Il faut s’interroger sur les motivations sexuelles et psychologiques de ceux/celles qui vont s’engager dans cette activité et ceci afin de protéger les personnes qui auront recours à leurs services.

 

Les obstacles à la vie sexuelle des personnes handicapées
 
Les principaux obstacles à la vie sexuelle des personnes handicapées sont liés à l’organisation institutionnelle de la sexualité. Nous avions publiée en 2008 dans le revue Alter une étude nationale montrant que, quel que soit le type de handicap, le fait de vivre en institution a un effet négatif sur la possibilité d’avoir un partenaire sexuel ou un conjoint de façon générale.
Lorsqu’une personne handicapée vit à domicile, ses chances de nouer et de maintenir une relation sexuelle avec un partenaire, un conjoint ou un cohabitant, sont a peu près équivalentes à celle de la population générale.
Mais lorsque cette même personne vit en institution, ce chiffre tombe à 20%. Socialement, l’idée est ancrée quelque part que les malades d’une façon générale, et les handicapés en particulier, sont des êtres asexués alors qu’en fait c’est les conditions de vie qui sont proposées – imposées – aux personnes handicapées (Giami, de Colomby, 2008).
La prise en compte de la sexualité des personnes handicapées en institution s’est pourtant beaucoup améliorée depuis quelques années.
Il existe davantage de possibilités de mixité mais lorsqu’on analyse le fonctionnement des institutions, on est frappé par la créativité que beaucoup mettent encore en œuvre pour maintenir la séparation entre les sexes.

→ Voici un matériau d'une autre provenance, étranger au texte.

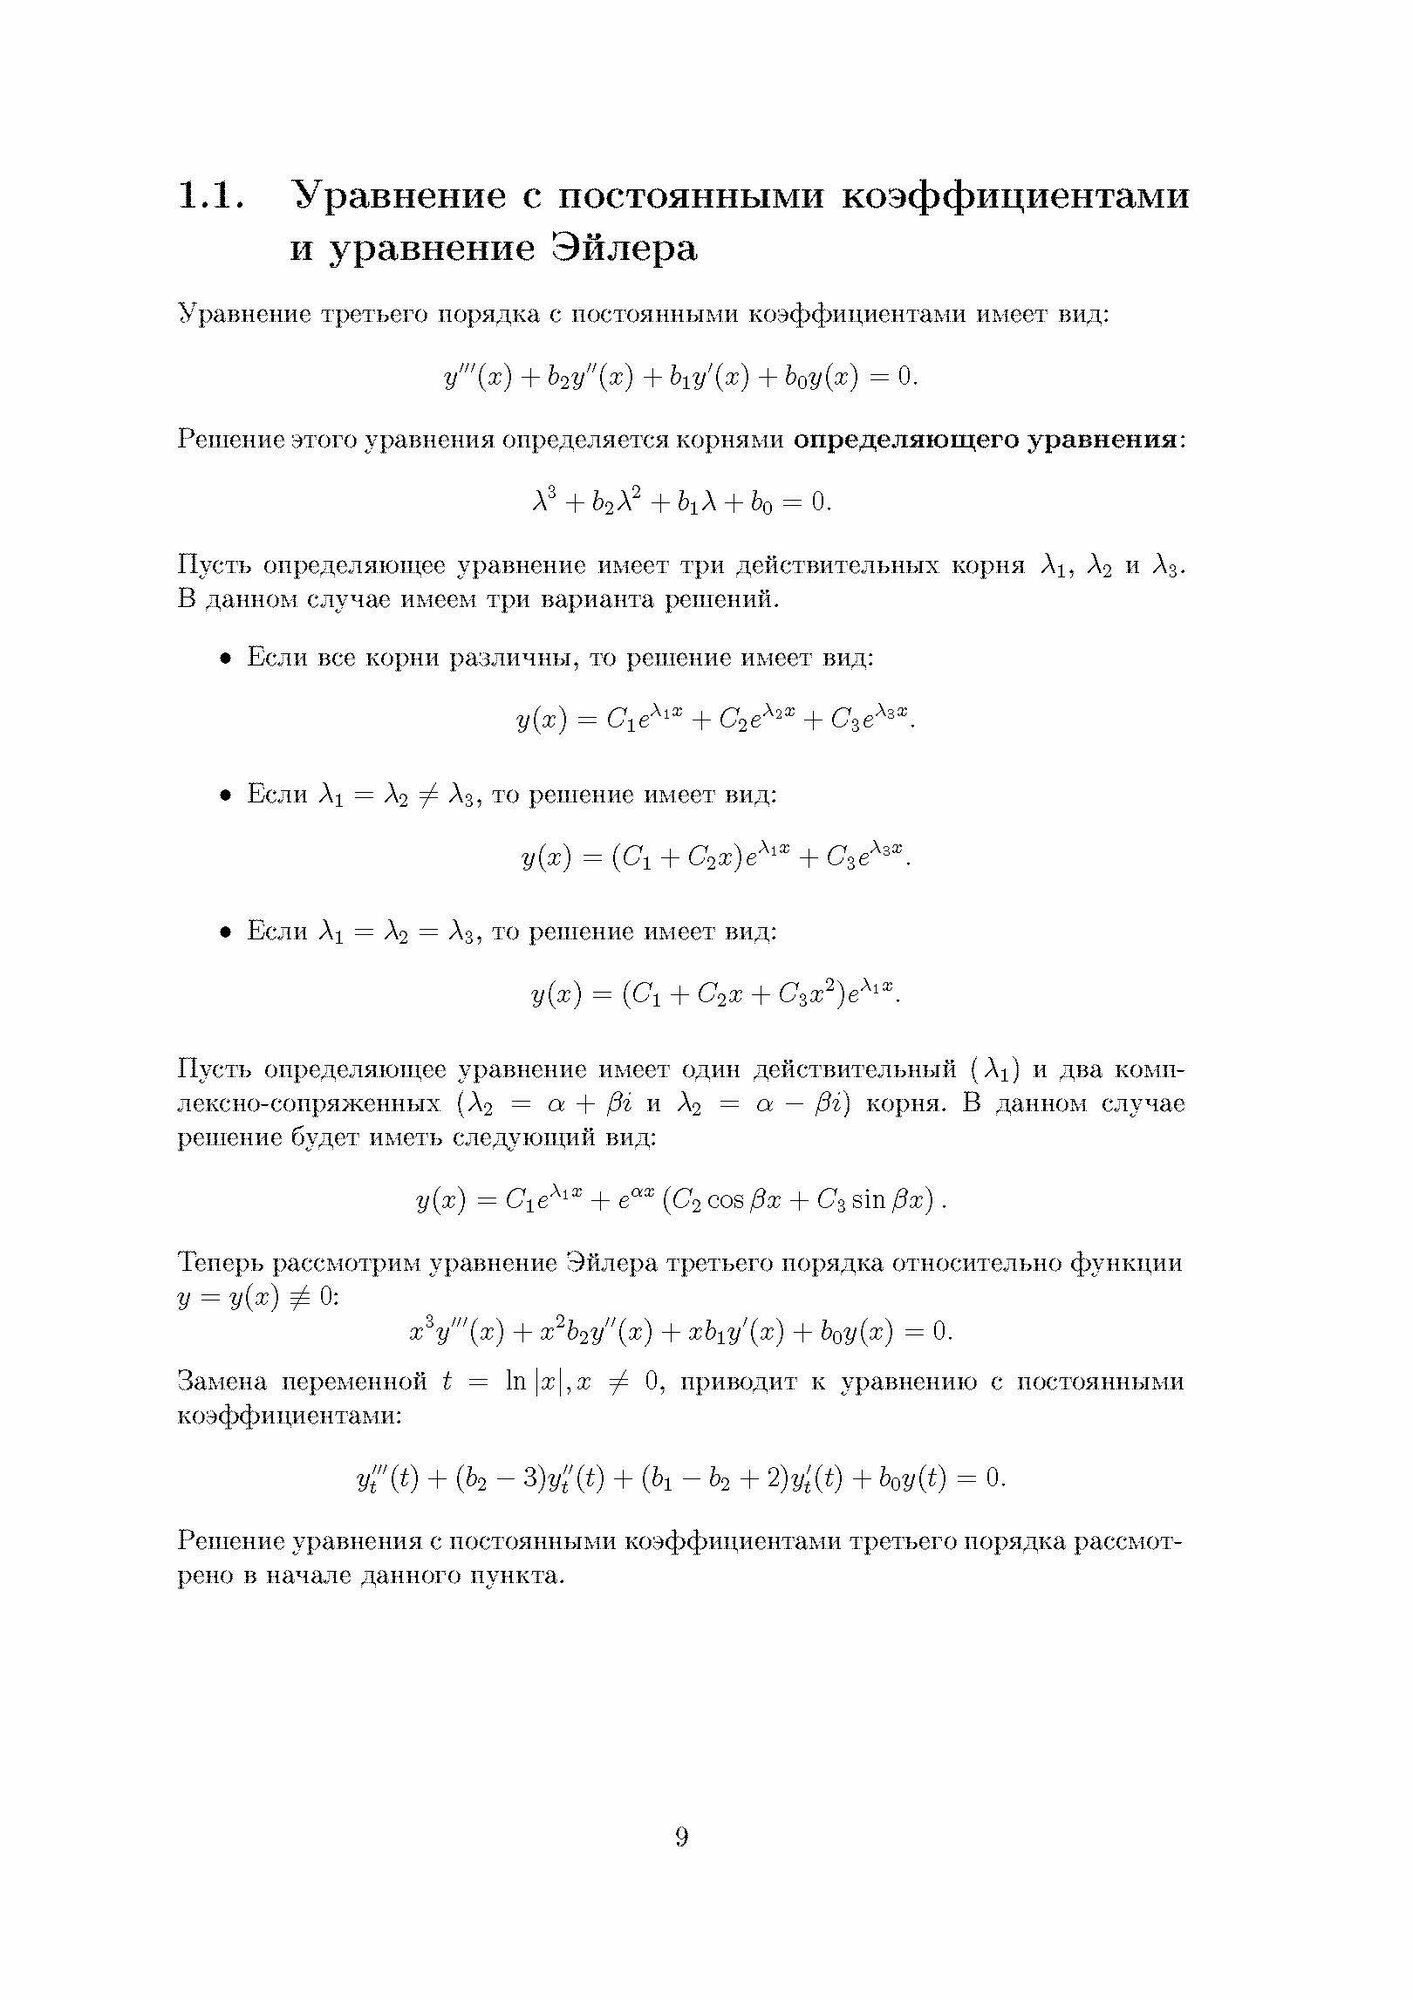 Дифференциальные уравнения третьего порядка - фото №10

Et lorsqu’elles tolèrent les rapprochements entre hommes et femmes, c’est souvent à des conditions très encadrées. Il faut parfois être marié ou avoir une relation stable… Mais lorsque l’on dit que la sexualité est réprimée dans les institutions, ce n’est pas toute la sexualité.
Paradoxalement, c’est surtout la sexualité hétérosexuelle alors que l’homosexualité, la masturbation et d’autres types de conduites sexuelles sont davantage tolérées.

 

Santé sexuelle et droits humains
 
La France paraît très en retard sur ces questions lorsque l’on voit émerger au niveau international une réflexion sur les droits de l’Homme appliqués aux questions touchant à la sexualité.
Si l’on considère que la sexualité constitue une dimension centrale de l’identité et de l’épanouissement individuel et de la santé, elle est alors un droit.
Et le fait de s’opposer à ce que certaines catégories de la population puissent avoir des relations sexuelles, constitue une violation de ce droit.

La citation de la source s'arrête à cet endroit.